46:40 This is really important that this is clear.

46:42 But this other part, it can kind of just derive the benefits from having the other stuff really stable.

46:48 So you want to talk about the rules of, like, gradual typing and, like, maybe how the order actually affects what is caught and what is not?

46:56 That's surprising.

46:57 There is actually a separate PEP that describes how gradual typing works.

47:02 That is, I guess, 483 that describes this.

47:06 So the reason for this is that in a language like Python, where we are using runtime objects without looking at their types to validate whether they're correct or not,

47:18 putting this feature out essentially means you're going to start with large projects that have never even thought about this feature.

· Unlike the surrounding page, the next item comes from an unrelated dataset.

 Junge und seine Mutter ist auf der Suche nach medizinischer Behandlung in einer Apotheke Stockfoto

47:26 So the concept of gradually exposing your code base to static typing was not something that we wanted to do.

47:34 It's something that we had to do.

47:36 There was just no other way around it.

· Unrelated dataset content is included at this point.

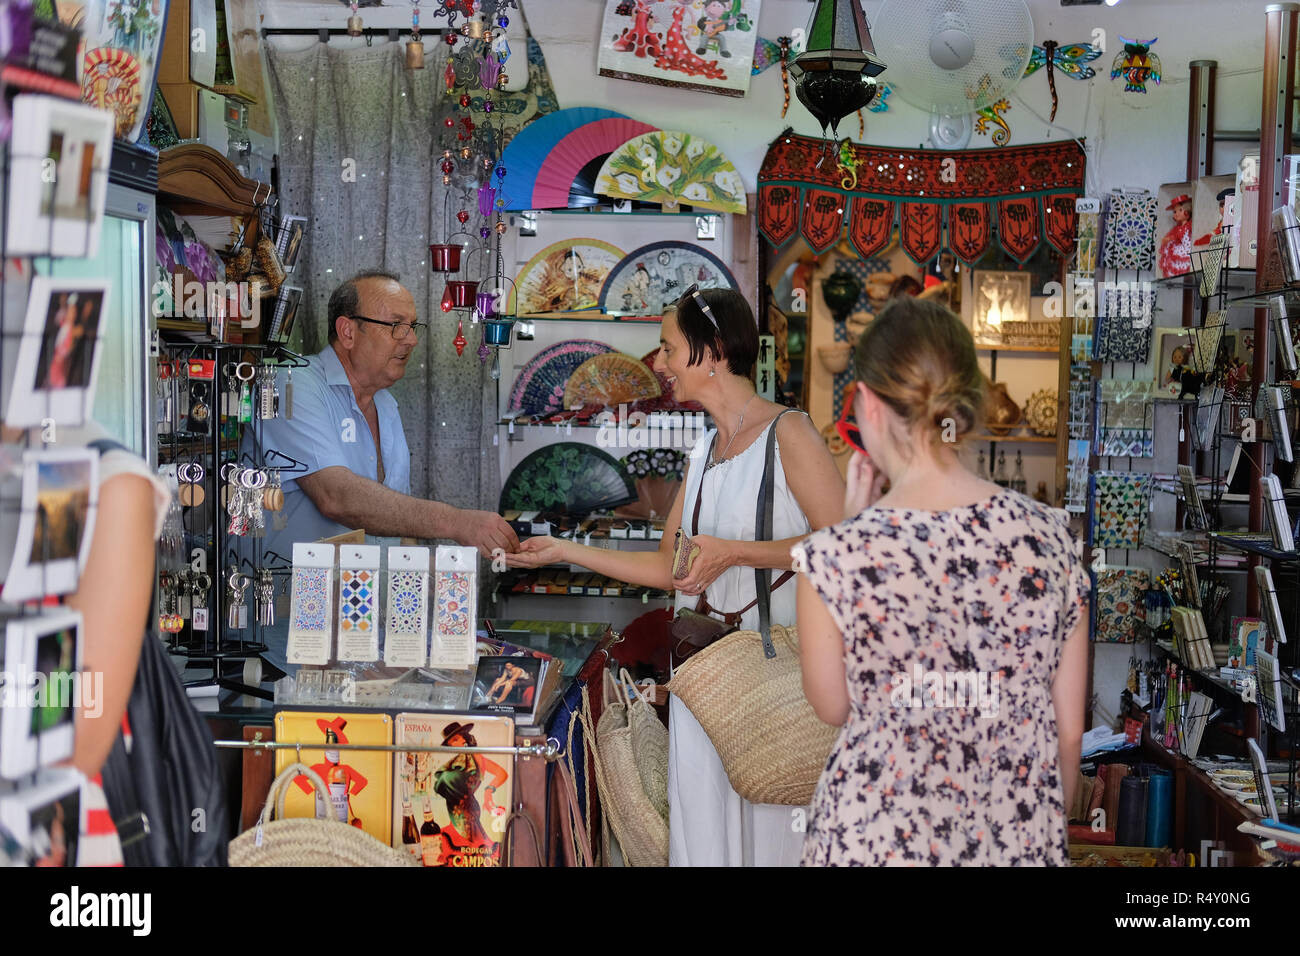 Un touriste anglais dans une boutique de cadeaux en Espagne Banque D'Images

47:38 Fortunately, many other languages like JavaScript with TypeScript or, like, Flow or Hack or whatnot, like, went exactly through the same path.

47:47 I think the reason is because the primary driving factor must be if you want to bring in, like, let's say TypeScript.

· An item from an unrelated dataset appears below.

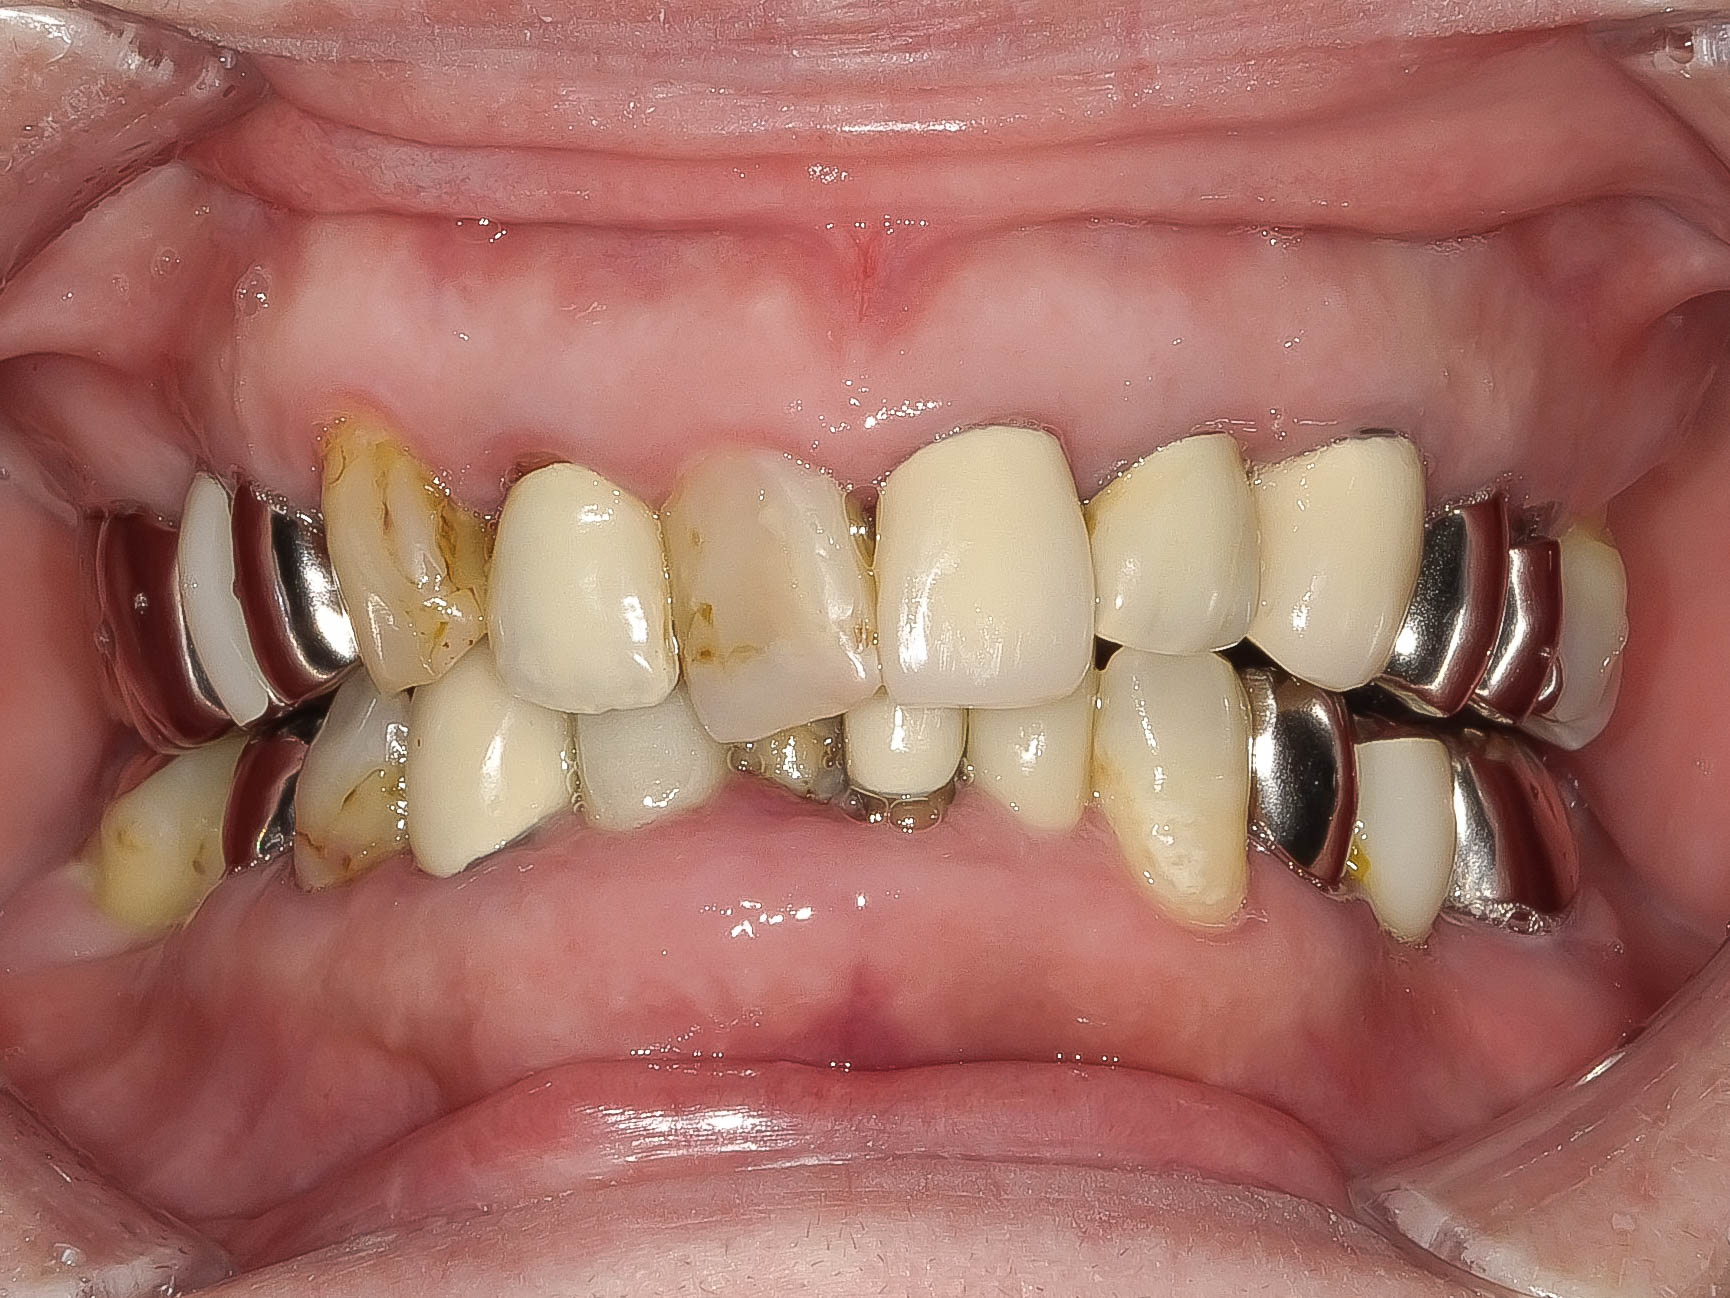 精密根管治療にて抜歯を回避した症例 3治療方法18

47:53 If you want to bring in the other JavaScript libraries, if you forced everything to be 100% typed, you would close off the entire ecosystem.

48:01 And same thing with Python, right?

48:02 Like, you want to use all the packages on PyPI and other pieces that are going to lag behind, right?

48:08 So you can't say everything has to be typed or this just doesn't work.

48:11 Yes.

48:12 But even if that were your dream, if you wanted to actually type the world, you have to start somewhere, right?

48:17 And if you cannot reap the benefits until everything is fully typed, then pretty much, like, the feature is useless for the longest time.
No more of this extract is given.